Twitter Name: osnsmom
FUCK minivans and FUCK exes! soooo much love to you. i adore this post. the grief comes in so many weird little waves, but it will wash right on back leaving us new again. and again. and again.
Twitter Name: alishayarbrough
You wrote this so beautifully. Your heart completely shined through.
Thanks for sharing it with all of us.
Twitter Name: sandiegomomma
What a tough decision to make. We’re paying rent for freezer space for a couple potential sibs right now. We have to figure out what to do about ‘em soon.
You did the right thing. Now, back the fuck off about mini-vans.
Twitter Name: betadad
Love you Sister.
Jessica, that was beautifully written, thank you for sharing that part of you with us.
Twitter Name: formerlyphread
so much love and admiration for you and your voice.
fucking hate olive garden.
Twitter Name: mybottlesup
i have 6 much older half siblings. i was kind of raised as an only child in that respect. i always had friends over or was at other people’s houses. there were times when i was 6-8ish that i said that i wished that i was a twin. other than that, i never wanted a sibling. i knew that i’d have to share my stuff all of the time, not be able to go do fun things (because of money) and have to share my mom. no thanks!
i now have an only child. she’s 5 and has never even hinted at wanting a sibling. i am glad, because i would have to disappoint her. i don’t want another. my husband doesn’t either. one is plenty! we are able to do lots of fun stuff, live the way we want to and when she’s on a playdate (like today), i have the place to myself. !!!!!!!!!!
just had to chime in since you said, “I have spoken with adults who are only children and sometimes it’s hard to listen to them as they tell me how they always wished they’d had a sibling.”. :)
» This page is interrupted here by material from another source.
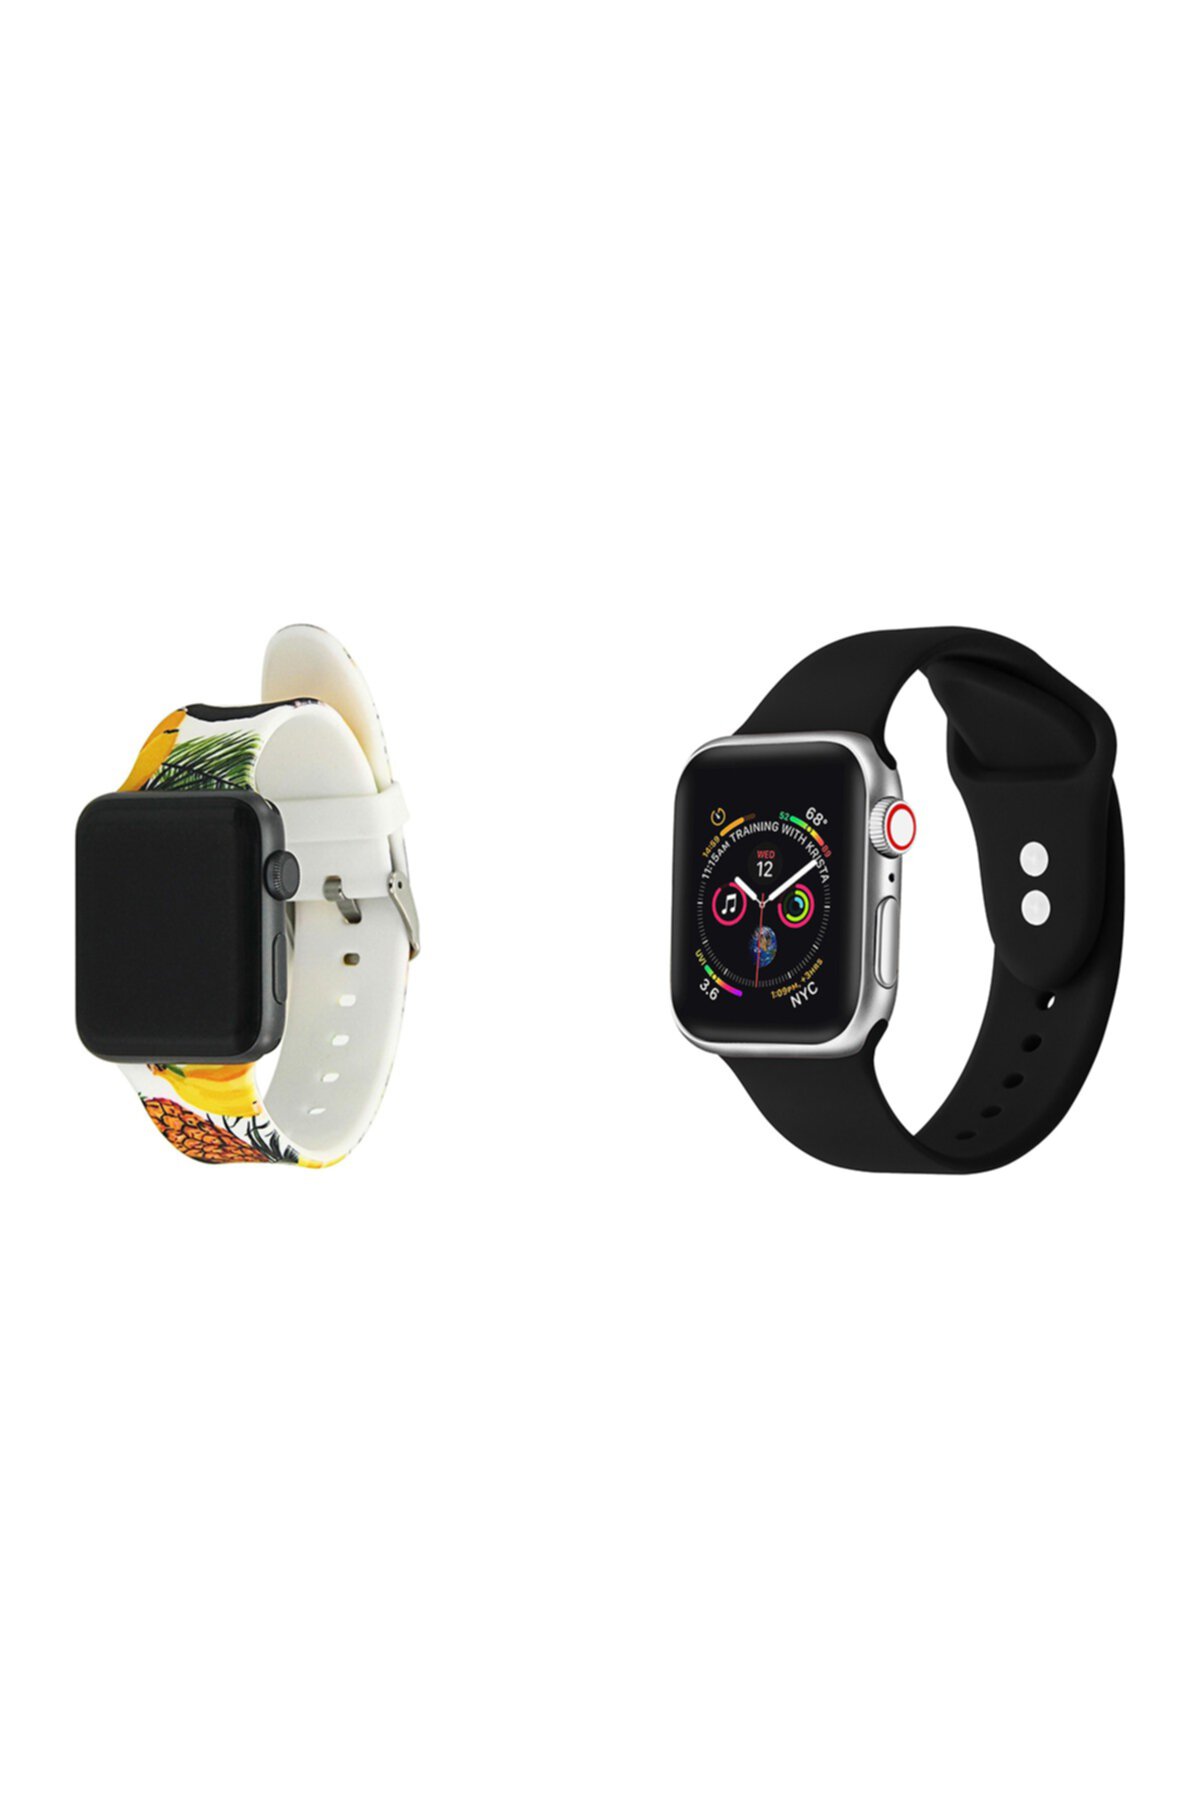 Мульти силиконовые ремешки для 38-мм / 40-мм Apple Watch Series 1, 2, 3, 4, 5 - упаковка из 2 POSH TECH

Smart decision. And? I adore you. That is all… xox
I’ve never had to make a decision that personal and that hard, but I think that what you did was great. Even if the idea was started in anger, it was a brave thing to go through with and so much for the greater good. xoxox
Twitter Name: CountessMo
Wow. The serious side of Jessica. What a tough topic. I have a”one and only” and I agonize over the no sibling decision. Or even question if it is a decision (implying that it really, truly is in my control). This was an incredibly well-written post and thanks for pouring your heart out.